TASK PROMPT:
Each line in the material below, starting at the one with "A view of the" and ending at the one with "The Mattel Intellivision", is to be reproduced exactly; no picture is to be copied.

───── RECORDS SUPPLIED ─────

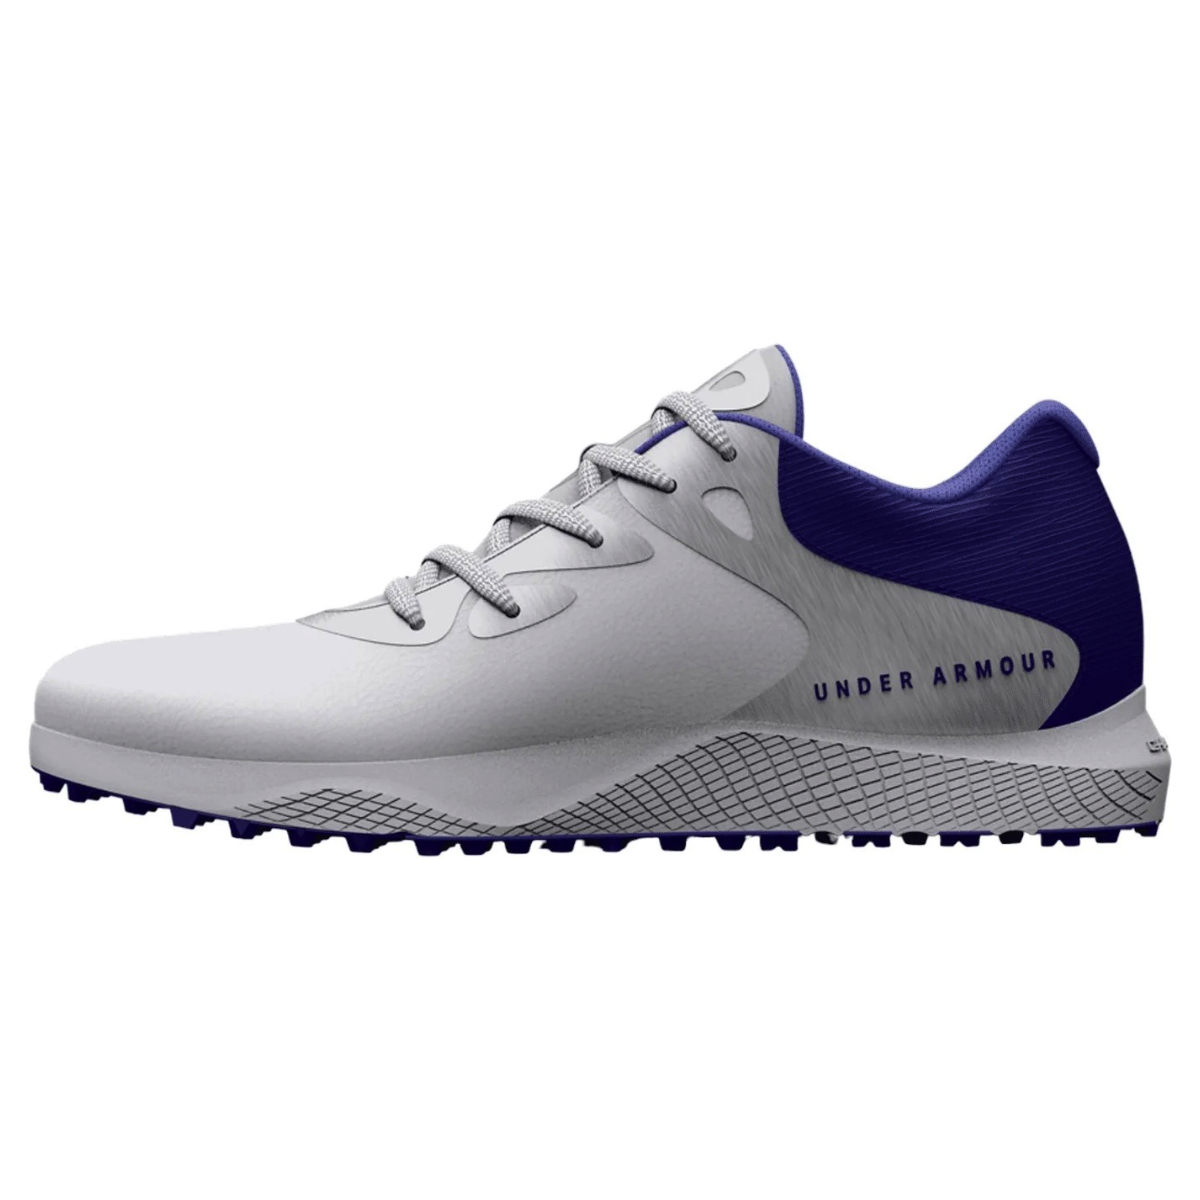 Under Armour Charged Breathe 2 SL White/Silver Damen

─────
───── RECORDS SUPPLIED ─────

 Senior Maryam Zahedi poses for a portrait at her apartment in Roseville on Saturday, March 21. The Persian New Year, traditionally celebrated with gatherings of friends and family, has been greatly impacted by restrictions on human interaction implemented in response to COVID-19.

─────
───── RECORDS SUPPLIED ─────

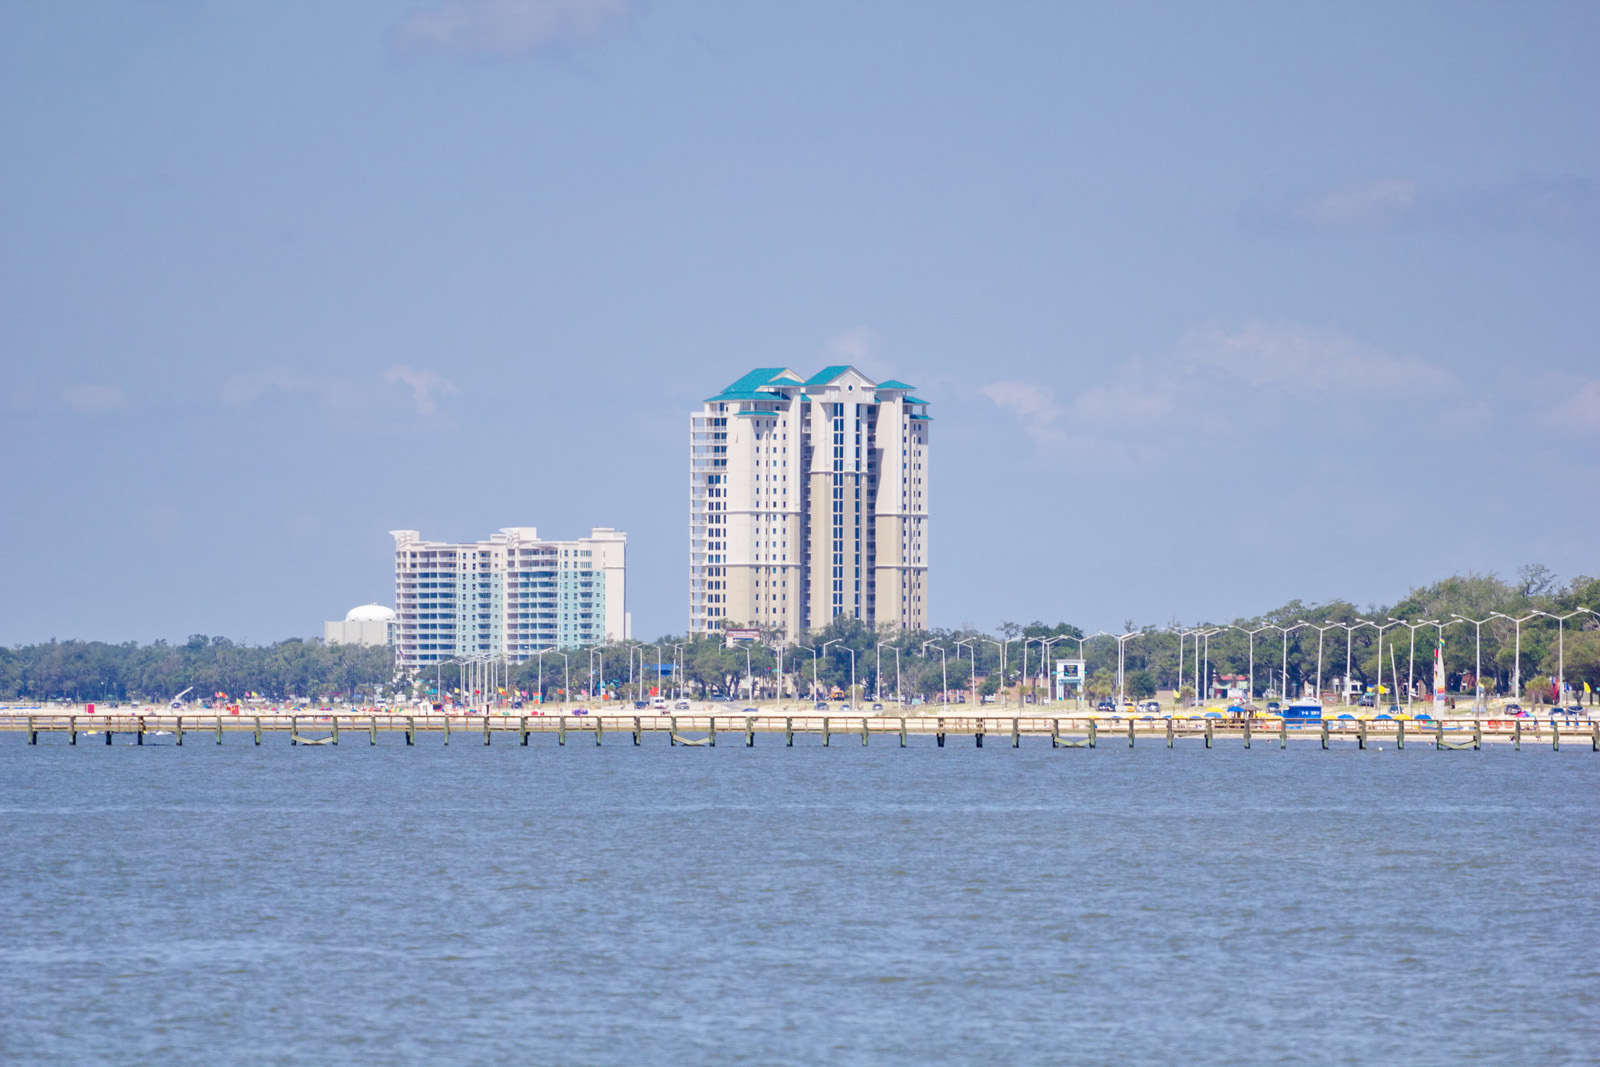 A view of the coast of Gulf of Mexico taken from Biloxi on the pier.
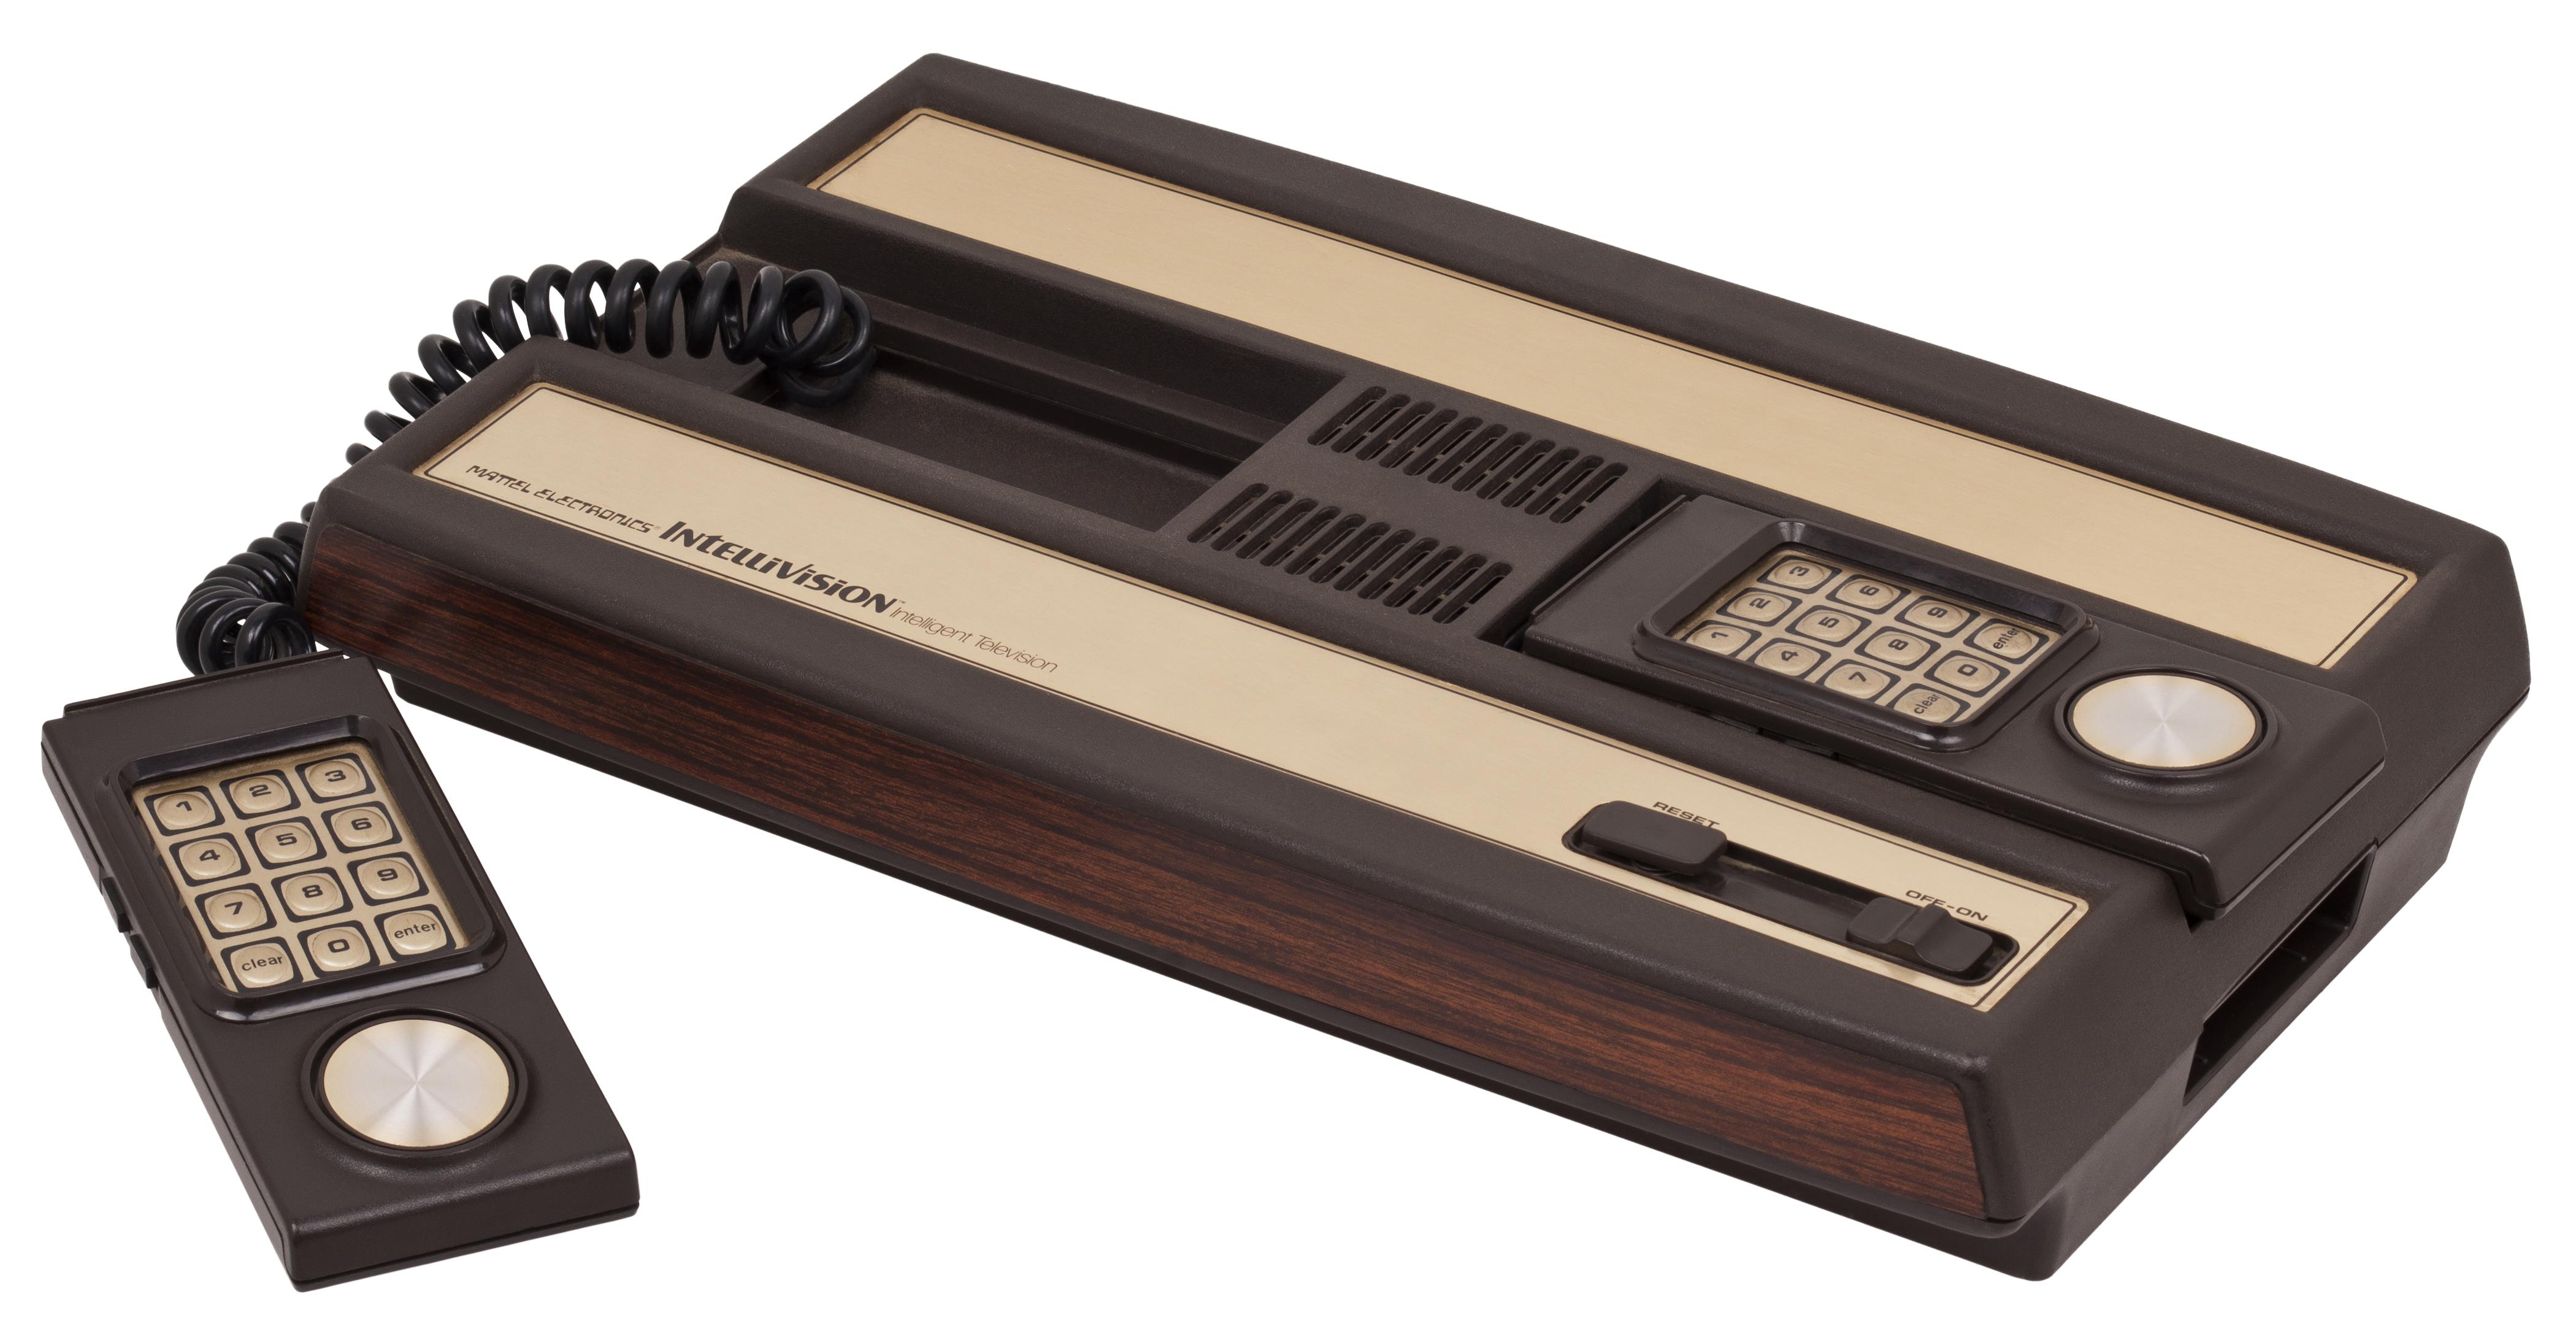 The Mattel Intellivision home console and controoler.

─────

ANSWER FOR THE TASK:
 A view of the coast of Gulf of Mexico taken from Biloxi on the pier.
 The Mattel Intellivision home console and controoler.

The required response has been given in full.